Clouds gathered in the brightening morning sky, throwing the stone face of the Chancellor into shadow as Victor and his robot left the square. Already he could hear one or two whispers, glances in his direction, as people compared the white-haired man and his machine to the picture on the front of their newspapers. By nightfall, nearly everyone in the city – in the entire country – would know who he was. The scientist mumbled a mild oath and ran a hand across his forehead and through his scruffy hair. "Why the front page?" he muttered. "I never asked for this. The article should have just been on you, Pinocchio. This will interfere with my work. Oh, what –"

Pinocchio gently squeezed his shoulder. FATHER?

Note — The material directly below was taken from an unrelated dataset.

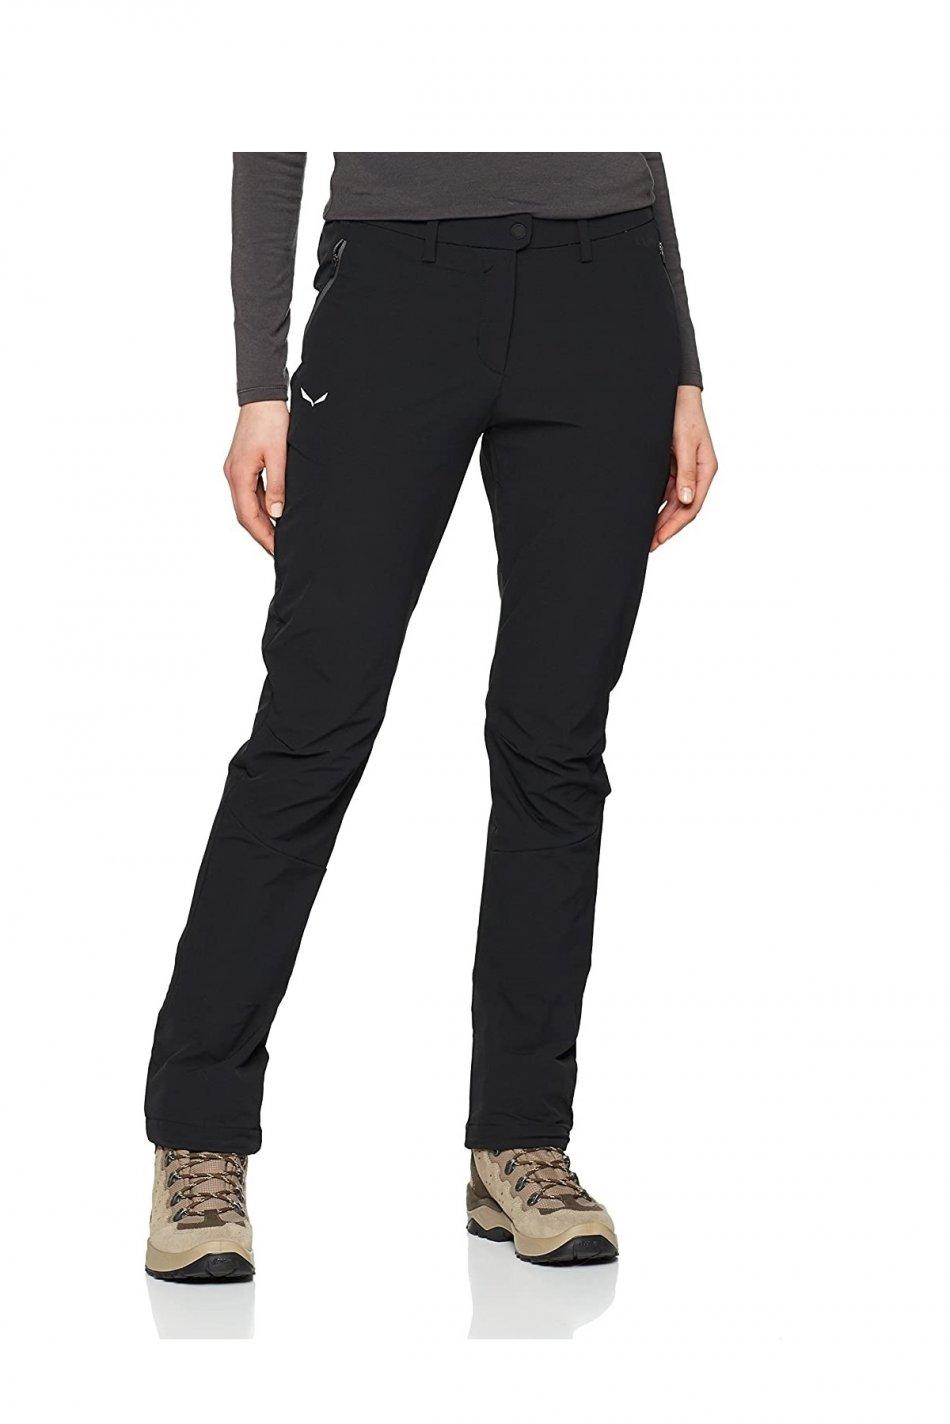 Pantaloni dama, Salewa, Negru, M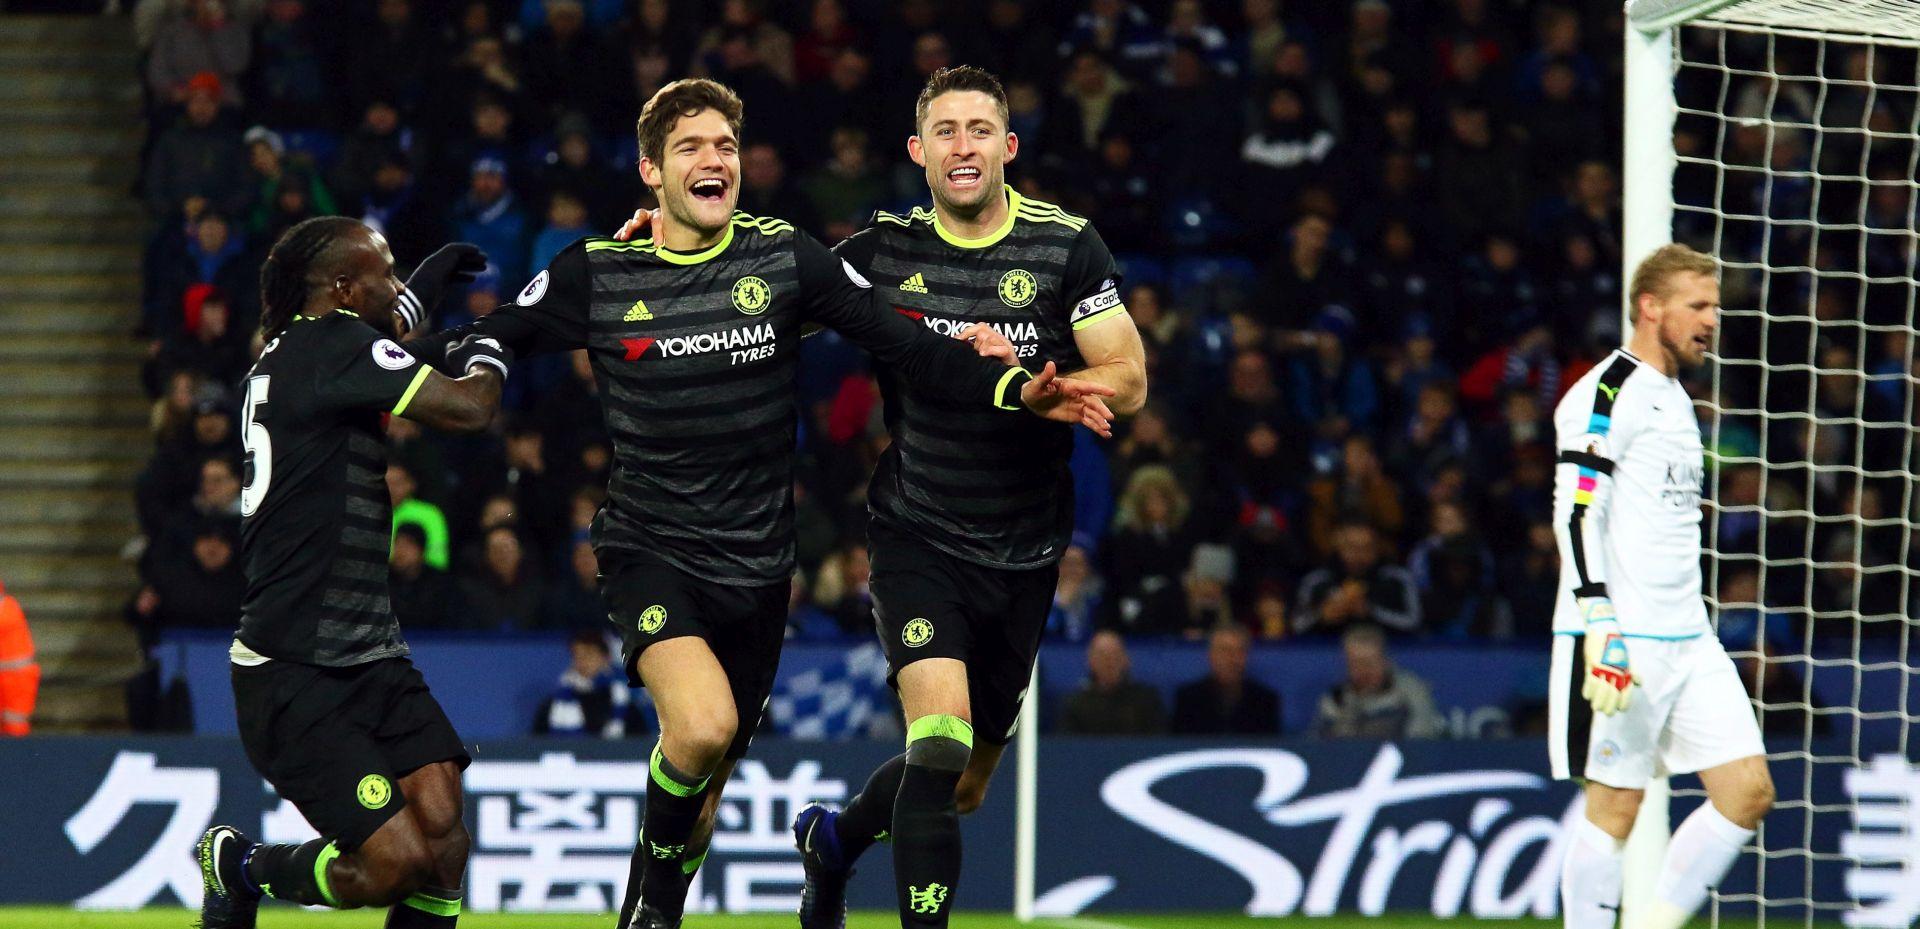 PREMIERLIGA Chelsea lako protiv prvaka Leicestera, dva pogotka Alonsa

"Yes, Pinocchio." Victor stopped himself mid-rant. It was too late; the damage had been done. Complaining about it now didn't change anything.

IS PAX EVIL?

Victor opened his mouth to speak, then reconsidered and closed it. Stopping in the middle of the street, he stuttered a little, arguing with the ever-louder voices in his head, then stood there thinking of Bellum.

"No," he finally declared. "No."

He hurried home then, his machine's questions preying on him as he wondered whether a country could truly be evil or not, and it completely slipped his mind to read the end of the article on him in the newspaper clenched tightly in his hand, and the short editorial at the end:

This article was the last work of BERNARD H. KOFFMAN, known as "Bernie" to all. Shortly after completing this work, Bernie collapsed late last night and was discovered by neighbors in the morning, who promptly summoned medics. Despite the doctor's valiant efforts, Bernie passed away from unknown causes. Completely devoted to his work, Bernie was a cheeky and jovial presence and a friend to everyone at the office. He will be missed by all. For information on Bernie's funeral, see the obituary at the back of the newspaper. In honor of Bernie's merriness, ambition, and true friendship, we of the Pax Heralder have placed his last article at the very front of this newspaper, the place of honor that every reporter strives to have his work displayed in. You were a priceless asset to all of us, Bernie. You will be missed.

And meanwhile, far to the north and in a dirt-packed field before a land of unharvested forests and unmined mountains, rows of guards in resplendent red uniforms broke formation to let a small convoy pass, past Pax's guarded border and into the fringes of the territory of the stag. The contents of the convoy were known to only a handful of elites, the people in the convoy briefed by the Chancellor himself, and it was all part of a plot that would make the rebels howl and leap in their secret rooms if they had known, and pour streaming into the streets with throngs of citizens to topple the Chancellor's tenuous hold on the country. The Chancellor had agreed with their morals, once, and so he kept the plot secret. But times were changing, and resources were growing scarce, and the chimaera had to feed.

Pax and Bellum. Bellum and Pax. A shining pinnacle of Freedom and Progress, and the wastelands of the mongrel hordes.

Though some people occasionally wondered which was which.

Of course, they were quickly arrested and executed. Progress was compromised when citizens dissented.


A/N: This is now a fanfiction about government conspiracies. Plan accordingly.